I Love You – Now Change

Which company would you prefer to invest in?

Company A:

“Our company is a dynamic organization with the agility to quickly adapt to new market conditions.”or

Company B:

“Our company is stable, well structured, and organized. What we are doing now is a perfect basis for everything we will do in the future.”(Sounds a little like the Bush administration)

The dynamic organization that can change quickly is going to be more successful than a static organization that is set in its ways.

So how come the software industry pundits continue to try to push static programming systems over dynamic ones when dynamic systems are generally more successful? Its senseless.

In C++ and Java, the assumption is that the superclass designer knows best. Whatever interface the original developer has exposed is expected to be the perfect and complete interface for all time. There is no way to extend an existing interface without owning the source code to it.

The implementation, it is recognized, might not be exactly correct in all cases, so the implementation is left open to extension via the one mechanism made available – subclassing (maybe – Java actually allows the most arrogant developers to forbid subclassing via the ‘final’ keyword).

The problem with leaving only subclassing is that subclassing, by itself only provides for extension of the system, not for modification. Fans of Robert C Martin or Bertrand Meyer might recognize this as The Open Closed Principle. Sadly, The Open Closed Principle is only works if you happen to work for a static company like Company B.

The harsh reality is that organizations are organic – they evolve and grow to adapt to new environment conditions. Failure to evolve is death. How can you modify your organization if the software that runs your organization is closed to modification by design? Worse, the underlying tools and technology on which your software is built actually work to enforce The Open Close Principle.

So how else to evolve your system? Objective C has a construct called a Method Category or more commonly just “category”. A category is a collection of methods for a class that may be loaded dynamically – or not. These are collections of additional methods to be added to existing classes. These additions may be made part of the organizations core software assets, or they can be application specific extensions that are too specialized for general consumption.

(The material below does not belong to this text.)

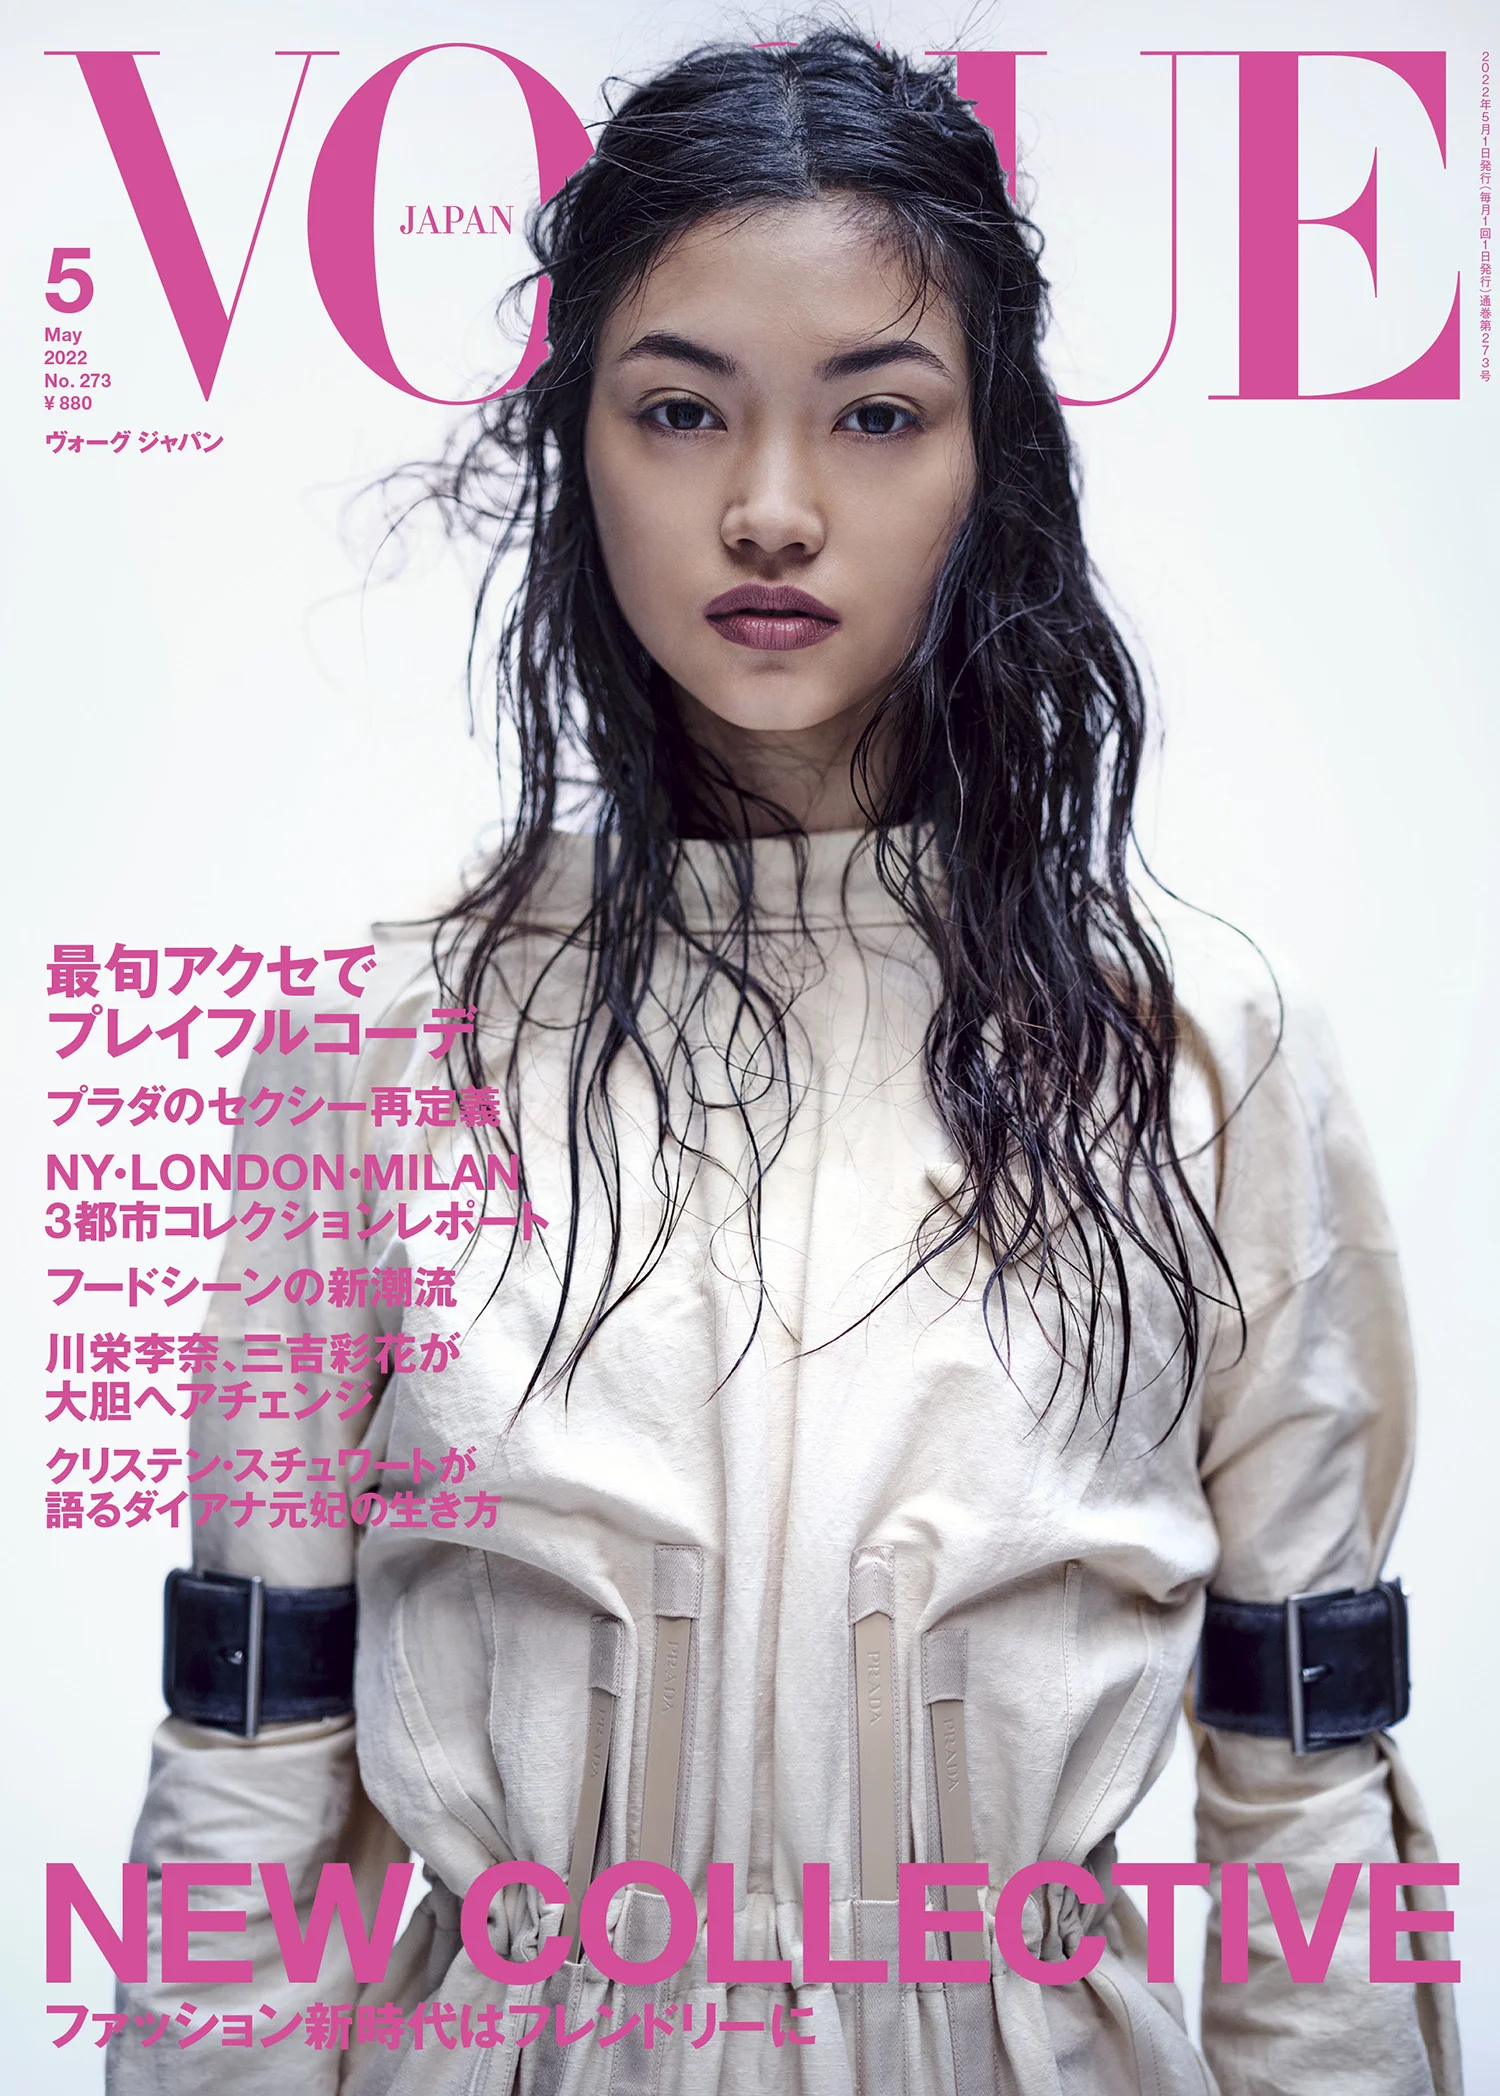 Mika Schneider covers Vogue Japan May 2022 by Nathaniel Goldberg

For instance, a web services application may find it convenient to add some methods to the string class for parsing up web requests, but the billing system doesn’t need this category of methods and so doesn’t bother to load it.

Categories can also make adapting an existing class to a new protocol easy. Not having a number of separate adaptor classes all over the place keeps the number of classes low and the conceptual size of the application architecture smaller.

Finally, categories can allow the user of a class to replace a buggy or inappropriately implemented method with a new implementation without having the source code.

Another useful tool is the ability to replace one class with another. The Objective C tool for this is known as “posing”. One writes a subclass of the original class and then says

[NewClass poseAs: [OldClass class]];

Now saying [OldClass new] actually constructs an instance of NewClass. This can be handy for sneaking superclasses into the class hierarchy and also for debugging around code you don’t own.

Using these techniques, along with message forwarding and delegation, subclassing takes a back seat to application assembly and drops from the most used tool to the mechanism of last resort. After all, its much better to simply arrange the classes you already have into the right structure than to create entirely new code with entirely new bugs.

Smalltalk has similar mechanisms and results in similar designs. Method categories exist and can be loaded as packages. Posing is done quite easily by replacing a class in the Smalltalk class dictionary with another class and executing a become: on all of the old classes instances. Its easy to insert new classes anywhere in the hierarchy and all of the code is easily accessible and modifiable. Subclassing in Smalltalk application development is a relatively rare event.

Of course, if you’re sure you know what you’re doing – perhaps Java and C++ are the right languages. If you’re sure, that is.